Mismatch distribution constructed using pairwise differences among the mtDNA haplotypes of Stephanolepis cirrhifer. The bars are observed pairwise differences values and the open circles and solid line are the expected mismatch distributions under the sudden expansion model.

Using τ (3.436), the expansion was estimated to have occurred 51 to 102 Ma before present, which is consistent with sea level rise since the late Pleistocene glacial maximum. Rising sea level removed barriers to migration and dispersal during the period of postglacial warming, establishing potential gene flow between previously isolated populations. High levels of genetic diversity and low levels of genetic differentiation determined in the present study also support population expansion since the late Pleistocene.

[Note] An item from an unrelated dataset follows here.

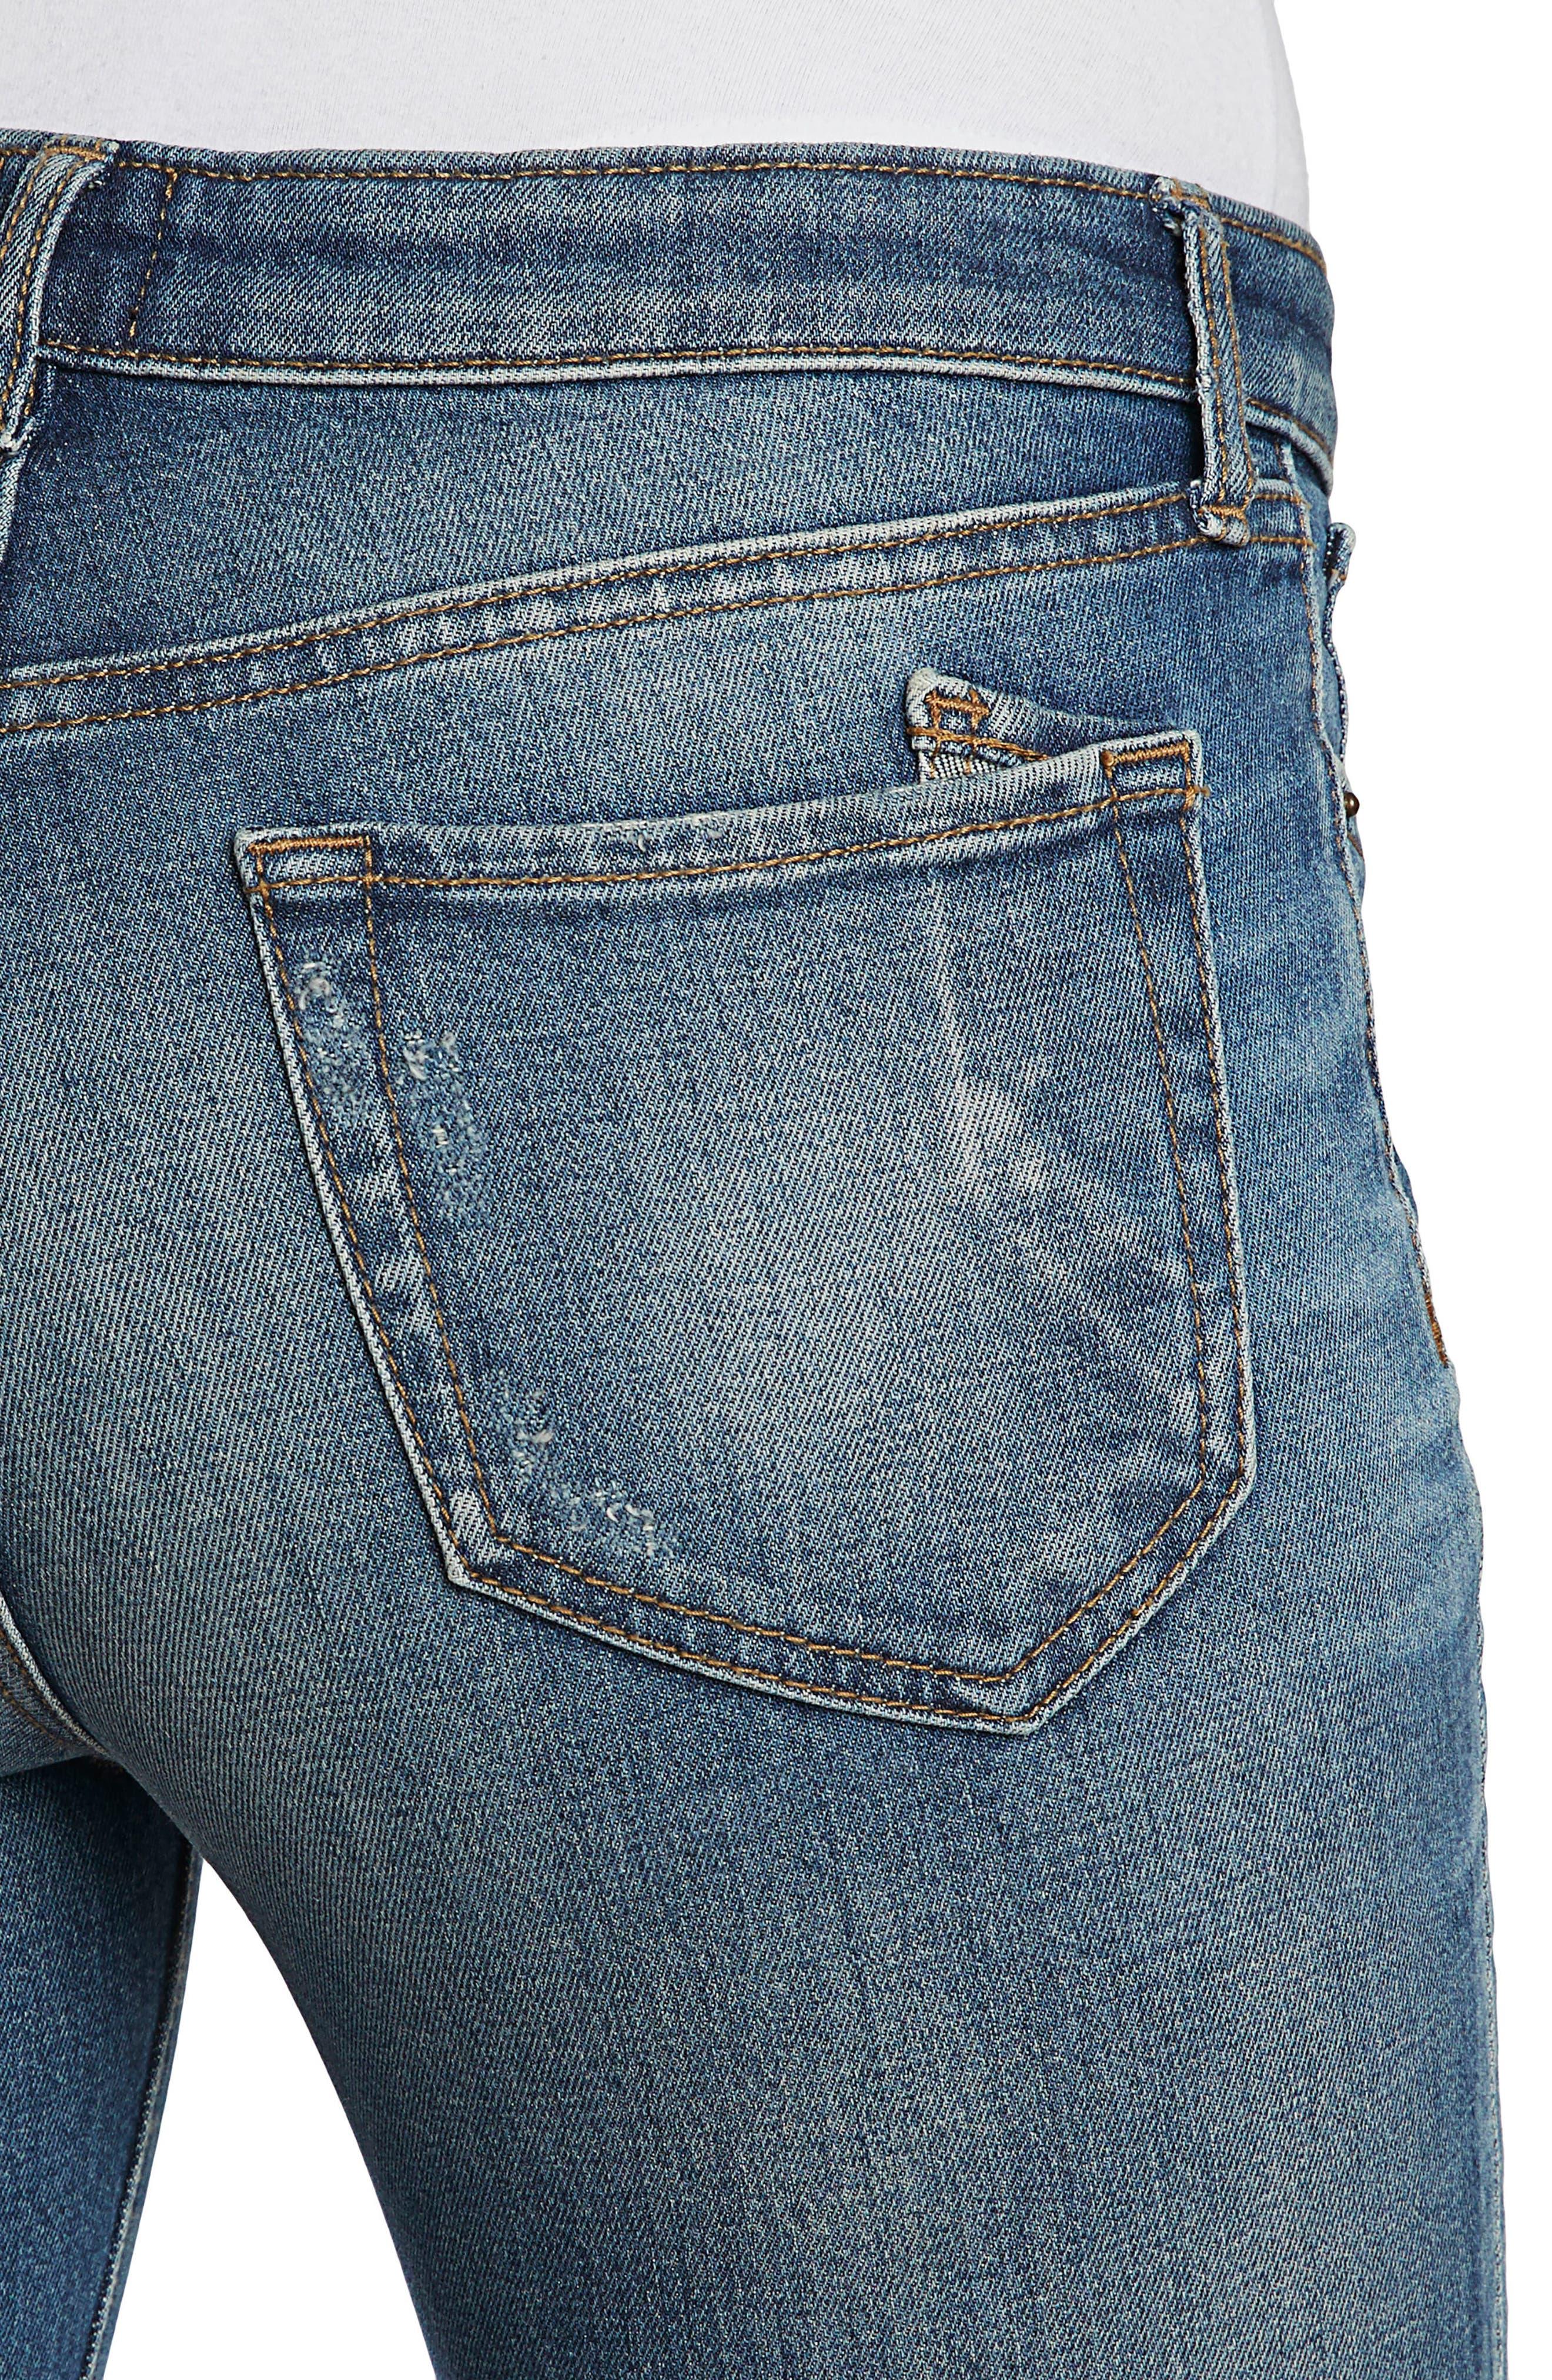 Camaro Ankle Skinny Jeans,                             Alternate thumbnail 4, color,                             490
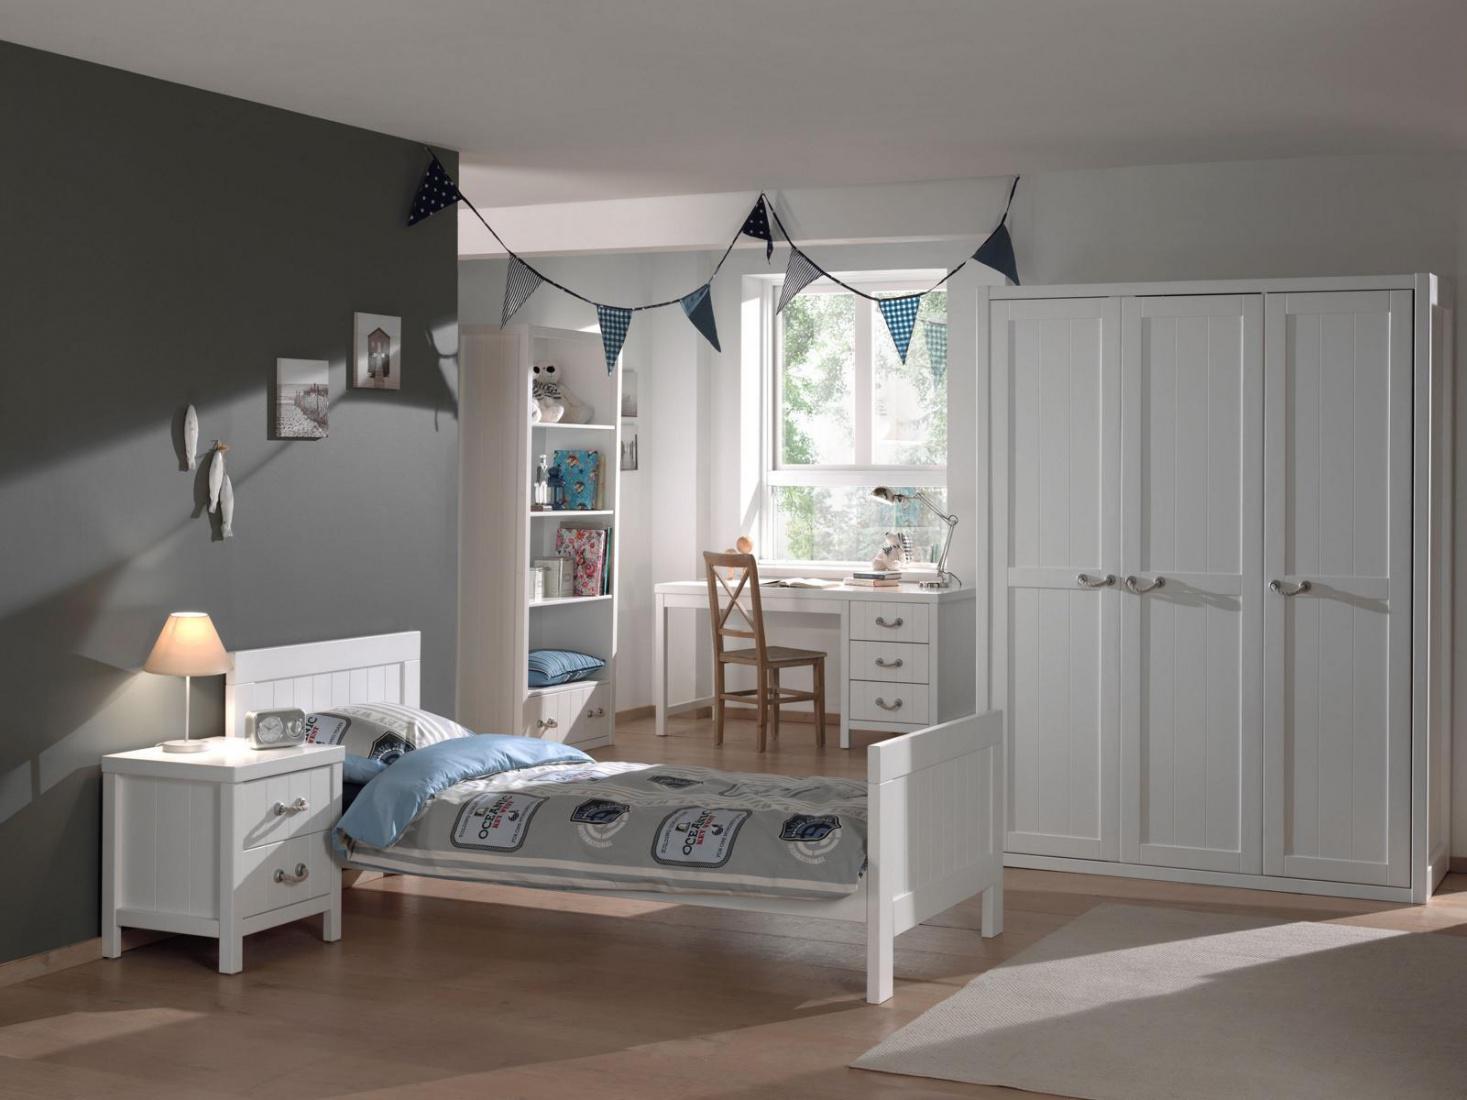 jugendzimmer set iny 5 teilig in wei mdf kaufen bei m bel lux. Black Bedroom Furniture Sets. Home Design Ideas

In conclusion, this study found high levels of gene flow among populations of S. cirrhifer, weak but significant genetic differentiation of populations on the west coast of Korea (Yellow Sea) and pooled populations in southern and eastern Korean coastal waters. Incorporation of additional population in the Yellow Sea thus provided an increased resolution in the geographic differentiation among three groups of populations. Moreover, the genetic structures of S. cirrhifer populations indicate the presence of three geographic population groups (Yellow Sea, South Sea, and East Sea), each of which may require separate fisheries management strategies.